Let $x = x ( t )$ and $y = y ( t )$ be solutions of the differential equations $\frac { \mathrm { dx } } { \mathrm { dt } } + \mathrm { ax } = 0$ and $\frac { \mathrm { dy } } { \mathrm { dt } } + $ by $= 0$ respectively, $\mathrm { a } , \mathrm { b } \in \mathrm { R }$. Given that $x ( 0 ) = 2 ; y ( 0 ) = 1$ and $3 y ( 1 ) = 2 x ( 1 )$, the value of $t$, for which $x ( t ) = y ( t )$, is:
(1) $\log _ { \frac { 2 } { 3 } } 2$
(2) $\log _ { 4 } 3$
(3) $\log _ { 3 } 4$
(4) $\log _ { \frac { 4 } { 3 } } 2$

Let $y = y ( x )$ be the solution of the differential equation $\left( x ^ { 2 } + 4 \right) ^ { 2 } d y + \left( 2 x ^ { 3 } y + 8 x y - 2 \right) d x = 0$. If $y ( 0 ) = 0$, then $y ( 2 )$ is equal to
(1) $\frac { \pi } { 32 }$
(2) $2 \pi$
(3) $\frac { \pi } { 8 }$
(4) $\frac { \pi } { 16 }$

Let $y = y ( x )$ be the solution of the differential equation $\left( 2 x \log _ { e } x \right) \frac { d y } { d x } + 2 y = \frac { 3 } { x } \log _ { e } x , x > 0$ and $y \left( e ^ { - 1 } \right) = 0$. Then, $y ( e )$ is equal to
(1) $- \frac { 3 } { \mathrm { e } }$
(2) $- \frac { 3 } { 2 e }$
(3) $- \frac { 2 } { 3 e }$
(4) $- \frac { 2 } { \mathrm { e } }$

If the solution $y ( x )$ of the given differential equation $\left( \mathrm { e } ^ { y } + 1 \right) \cos x \mathrm {~d} x + \mathrm { e } ^ { y } \sin x \mathrm {~d} y = 0$ passes through the point $\left( \frac { \pi } { 2 } , 0 \right)$, then the value of $\mathrm { e } ^ { y \left( \frac { \pi } { 6 } \right) }$ is equal to $\_\_\_\_$

For a differentiable function $f : \mathbb { R } \rightarrow \mathbb { R }$, suppose $f ^ { \prime } ( x ) = 3 f ( x ) + \alpha$, where $\alpha \in \mathbb { R } , f ( 0 ) = 1$ and $\lim _ { x \rightarrow - \infty } f ( x ) = 7$. Then $9 f \left( - \log _ { \mathrm { e } } 3 \right)$ is equal to $\_\_\_\_$

If the solution curve $y = y ( x )$ of the differential equation $\left( 1 + y ^ { 2 } \right) \left( 1 + \log _ { e } x \right) d x + x d y = 0 , x > 0$ passes through the point $( 1,1 )$ and $y ( e ) = \frac { \alpha - \tan \left( \frac { 3 } { 2 } \right) } { \beta + \tan \left( \frac { 3 } { 2 } \right) }$, then $\alpha + 2 \beta$ is

If the solution curve, of the differential equation $\frac { d y } { d x } = \frac { x + y - 2 } { x - y }$ passing through the point $( 2,1 )$ is $\tan ^ { - 1 } \frac { y - 1 } { x - 1 } - \frac { 1 } { \beta } \log _ { e } \alpha + \frac { y - 1 } { x - 1 } ^ { 2 } = \log _ { e } x - 1$, then $5 \beta + \alpha$ is equal to $\_\_\_\_$.

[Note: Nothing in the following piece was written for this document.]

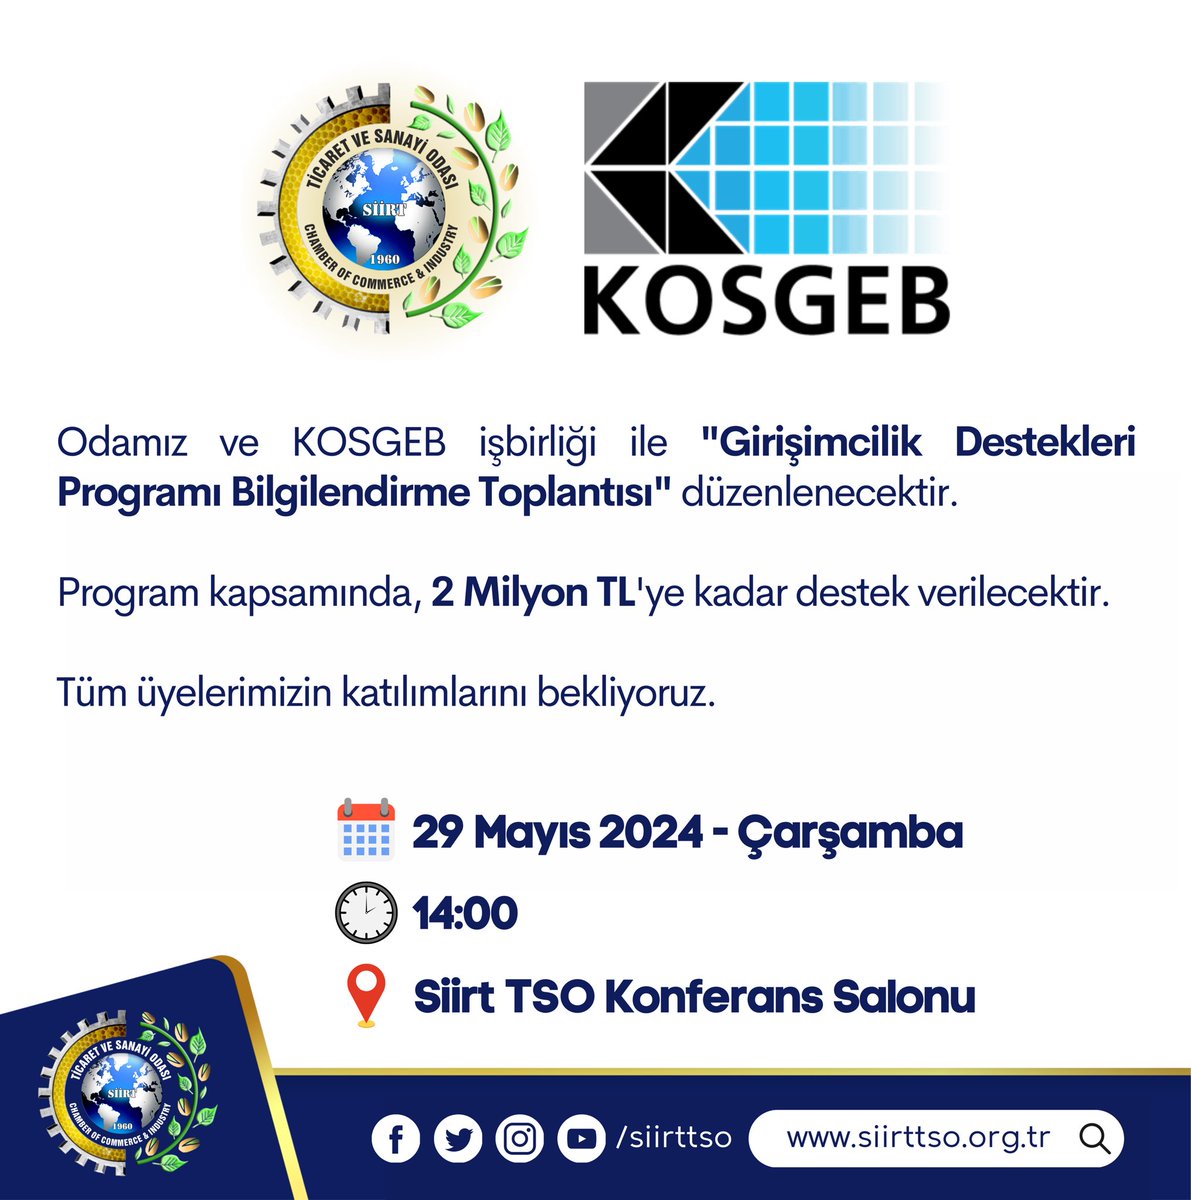 #DUYURU Odamız ve KOSGEB işbirliği ile 'Girişimcilik Destekleri Programı Bilgilendirme Toplantısı' düzenlenecektir. Program kapsamında, 2 Milyon TL'ye kadar destek verilecektir. Tüm üyelerimizin katılımlarını bekliyoruz. Tarih: 29 Mayıs 2024 Çarşamba Saat: 14:00 Yer: Siirt

Let $y = y ( x )$ be the solution of the differential equation $\frac { \mathrm { d } y } { \mathrm {~d} x } + \frac { 2 x } { \left( 1 + x ^ { 2 } \right) ^ { 2 } } y = x \mathrm { e } ^ { \frac { 1 } { \left( 1 + x ^ { 2 } \right) } } ; y ( 0 ) = 0$. Then the area enclosed by the curve $f ( x ) = y ( x ) \mathrm { e } ^ { - \frac { 1 } { \left( 1 + x ^ { 2 } \right) } }$ and the line $y - x = 4$ is $\_\_\_\_$

Let $x = x ( y )$ be the solution of the differential equation $y ^ { 2 } \mathrm {~d} x + \left( x - \frac { 1 } { y } \right) \mathrm { d } y = 0$. If $x ( 1 ) = 1$, then $x \left( \frac { 1 } { 2 } \right)$ is :
(1) $\frac { 1 } { 2 } + \mathrm { e }$
(2) $3 + e$
(3) $3 - e$
(4) $\frac { 3 } { 2 } + e$

If for the solution curve $y = f ( x )$ of the differential equation $\frac { \mathrm { d } y } { \mathrm {~d} x } + ( \tan x ) y = \frac { 2 + \sec x } { ( 1 + 2 \sec x ) ^ { 2 } }$, $x \in \left( \frac { - \pi } { 2 } , \frac { \pi } { 2 } \right) , f \left( \frac { \pi } { 3 } \right) = \frac { \sqrt { 3 } } { 10 }$, then $f \left( \frac { \pi } { 4 } \right)$ is equal to :
(1) $\frac { \sqrt { 3 } + 1 } { 10 ( 4 + \sqrt { 3 } ) }$
(2) $\frac { 5 - \sqrt { 3 } } { 2 \sqrt { 2 } }$
(3) $\frac { 9 \sqrt { 3 } + 3 } { 10 ( 4 + \sqrt { 3 } ) }$
(4) $\frac { 4 - \sqrt { 2 } } { 14 }$

Let $x = x ( y )$ be the solution of the differential equation $y = \left( x - y \frac { \mathrm {~d} x } { \mathrm {~d} y } \right) \sin \left( \frac { x } { y } \right) , y > 0$ and $x ( 1 ) = \frac { \pi } { 2 }$. Then $\cos ( x ( 2 ) )$ is equal to :
(1) $1 - 2 \left( \log _ { e } 2 \right) ^ { 2 }$
(2) $1 - 2 \left( \log _ { \mathrm { e } } 2 \right)$
(3) $2 \left( \log _ { e } 2 \right) - 1$
(4) $2 \left( \log _ { e } 2 \right) ^ { 2 } - 1$

If $x = f ( y )$ is the solution of the differential equation $\left( 1 + y ^ { 2 } \right) + \left( x - 2 \mathrm { e } ^ { \tan ^ { - 1 } y } \right) \frac { \mathrm { d } y } { \mathrm {~d} x } = 0 , y \in \left( - \frac { \pi } { 2 } , \frac { \pi } { 2 } \right)$ with $f ( 0 ) = 1$, then $f \left( \frac { 1 } { \sqrt { 3 } } \right)$ is equal to :
(1) $e ^ { \pi / 12 }$
(2) $e ^ { \pi / 4 }$
(3) $e ^ { \pi / 3 }$
(4) $e ^ { \pi / 6 }$